--- START ---
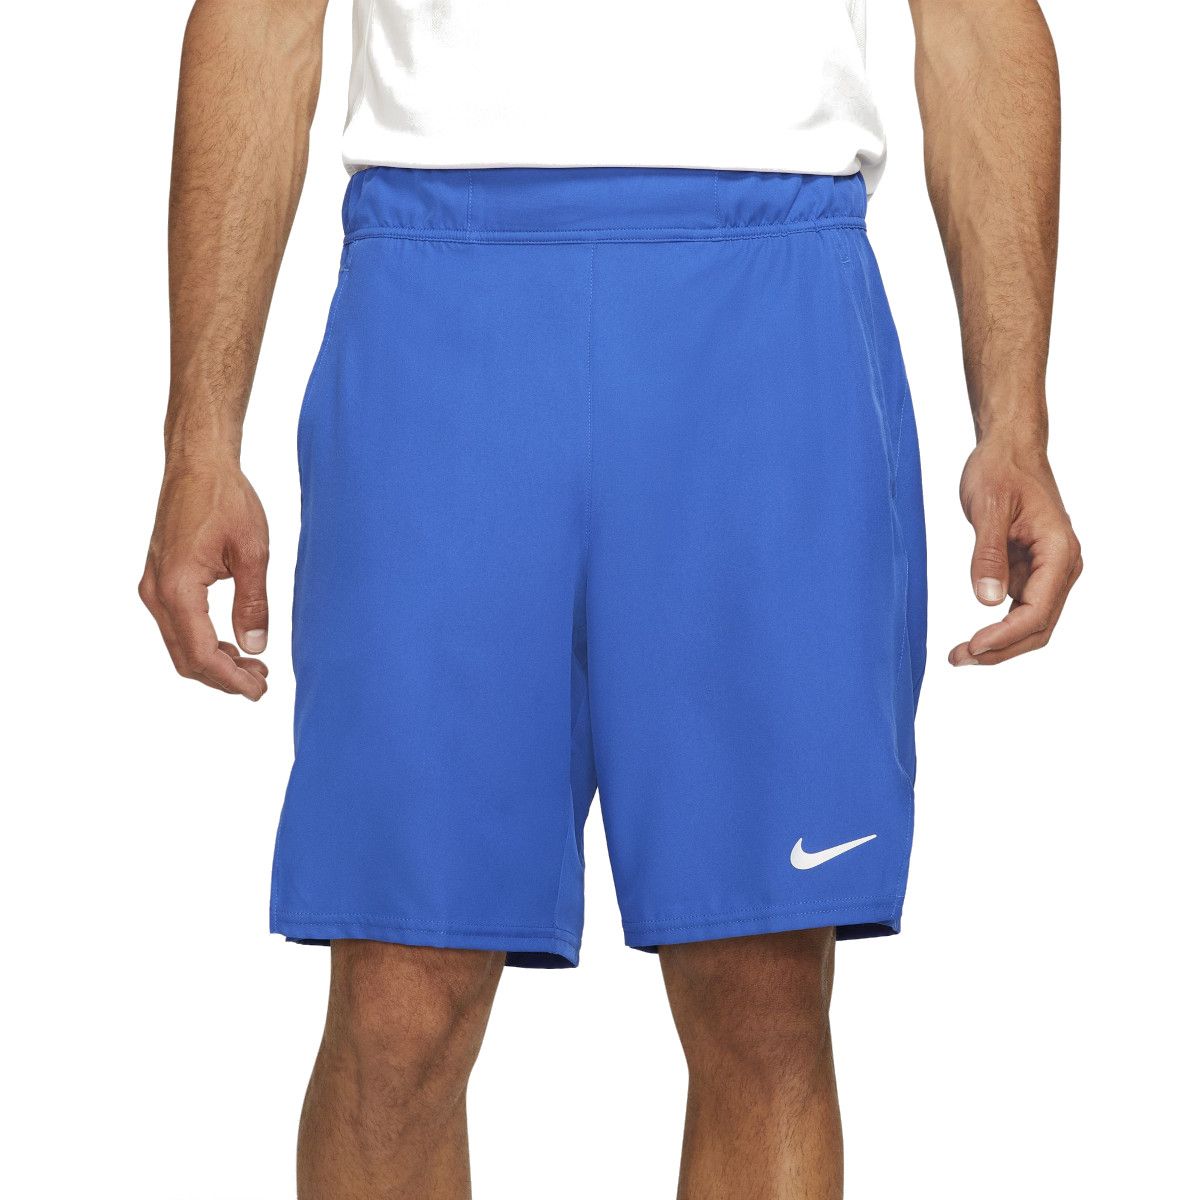 Nike Forward Shorts Men's Shorts
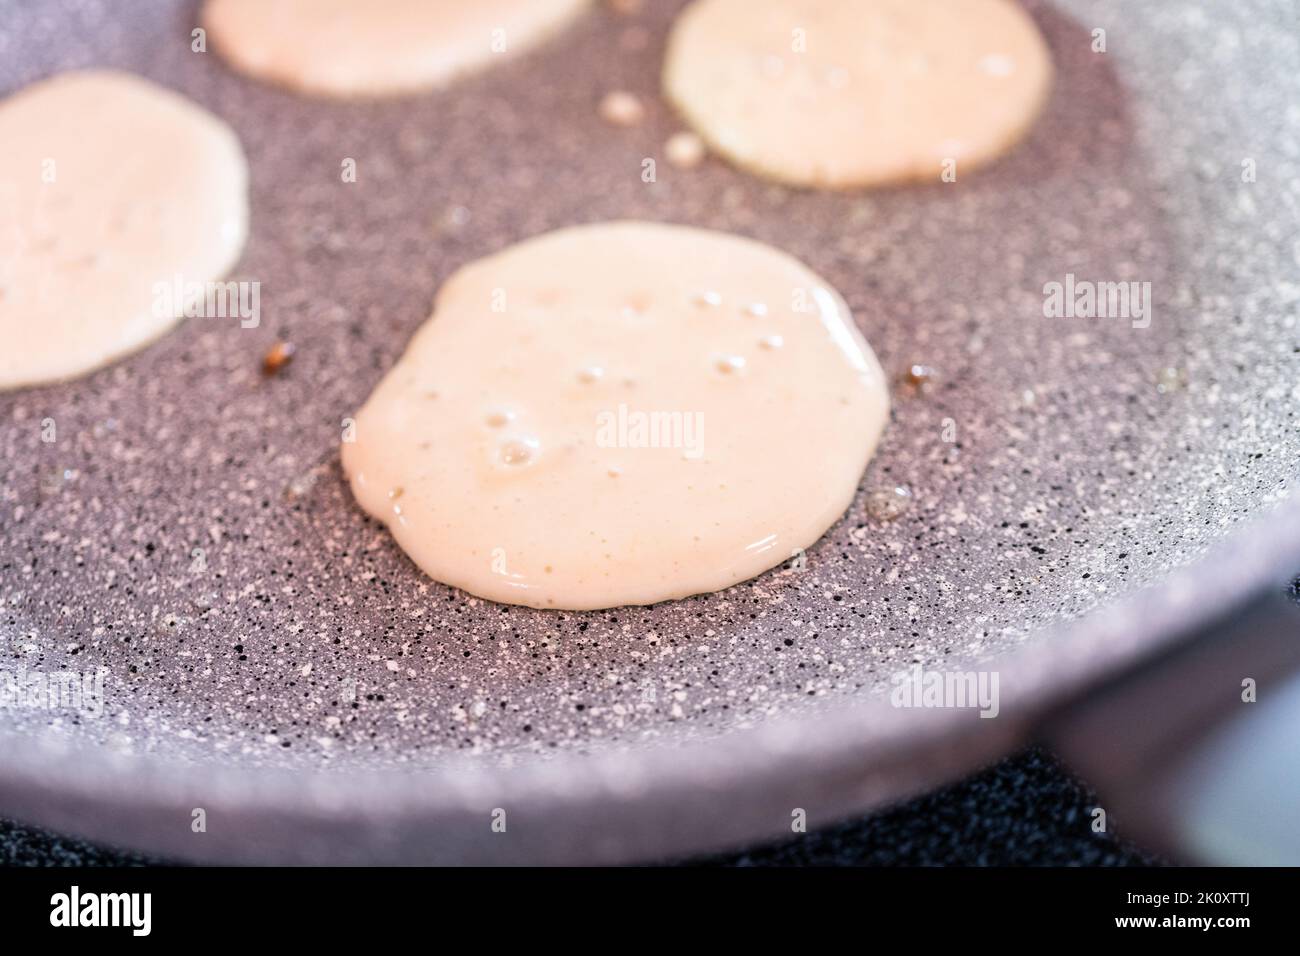 Making pancakes Stock Photo
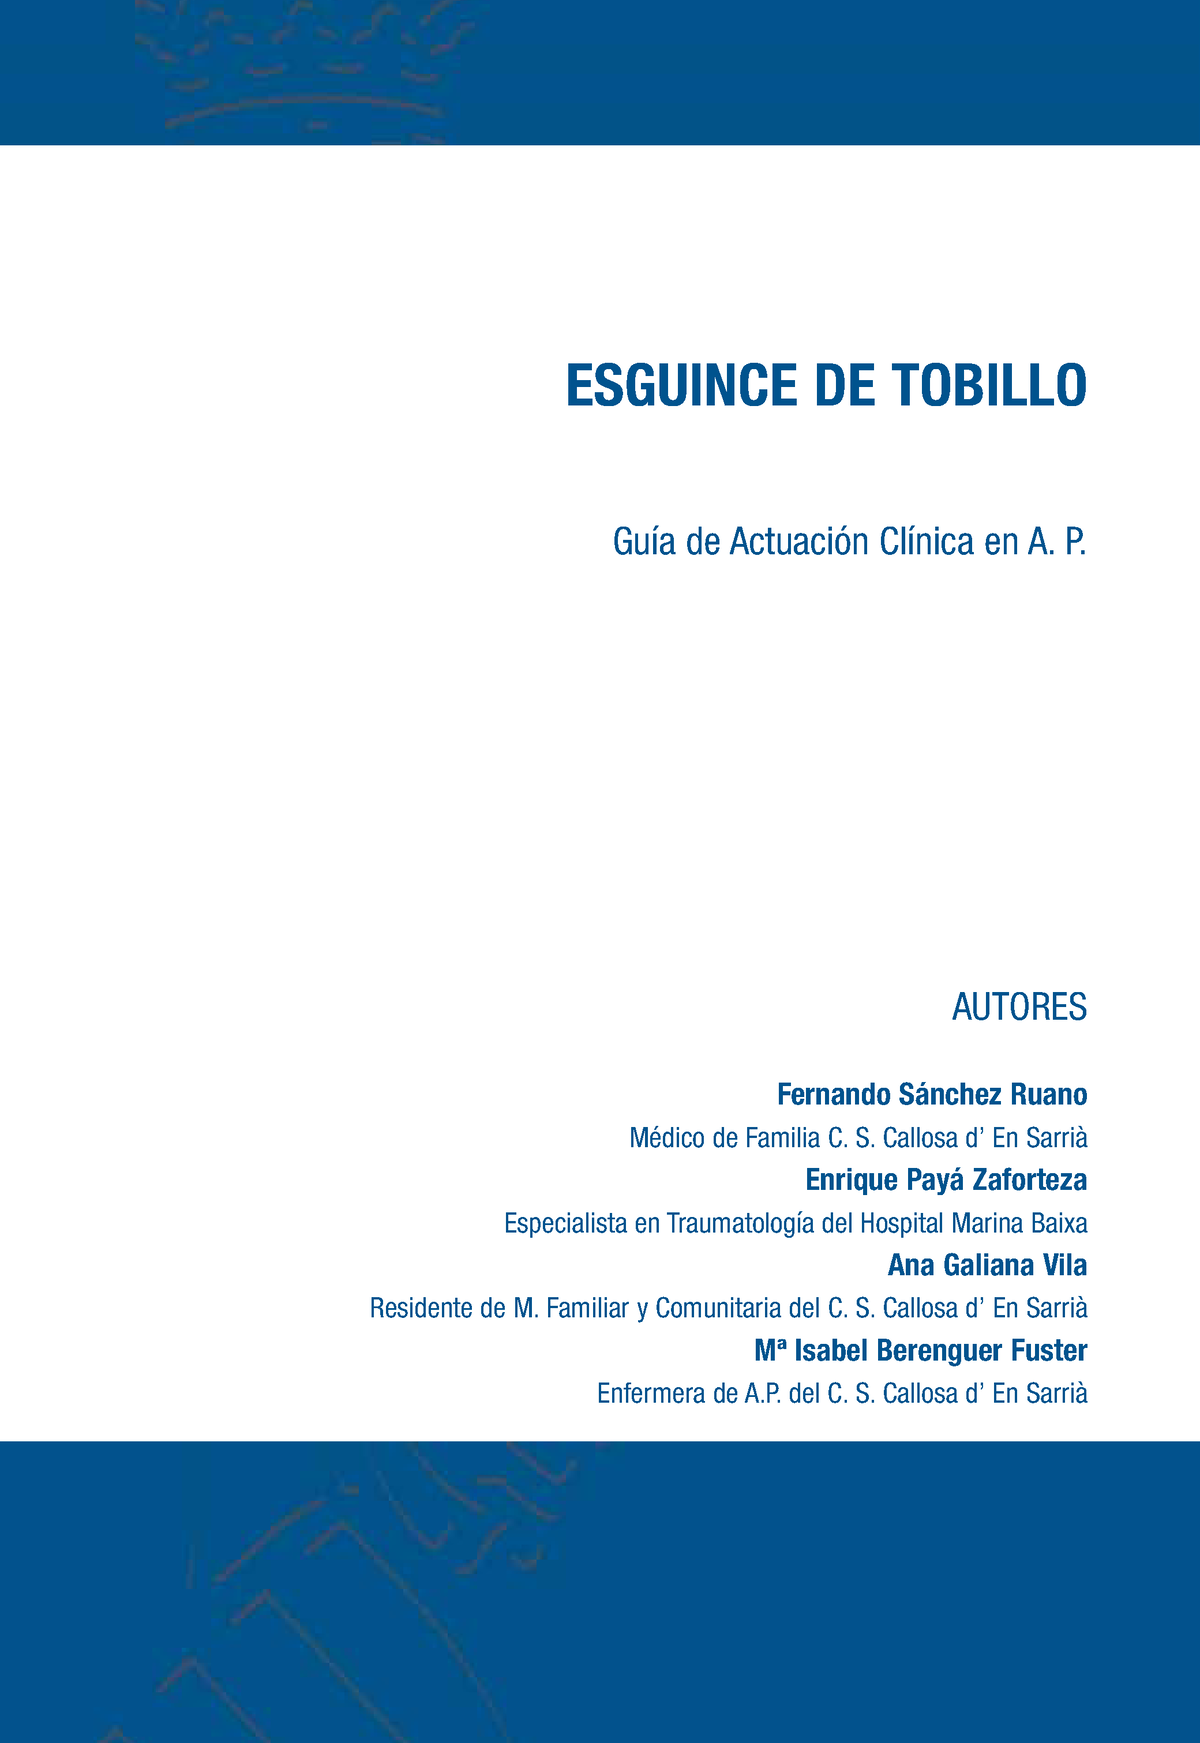 Esguince Tobillo Tratamiento - ESGUINCE DE TOBILLO Guía de Actuación  Clínica en A. P. AUTORES - Studocu
--- END ---
◆ Work task ◆
Could you restate the material word for word, skipping any pictures it holds?

◆ Solution ◆
 Nike Forward Shorts Men's Shorts
 Making pancakes Stock Photo
 Esguince Tobillo Tratamiento - ESGUINCE DE TOBILLO Guía de Actuación  Clínica en A. P. AUTORES - Studocu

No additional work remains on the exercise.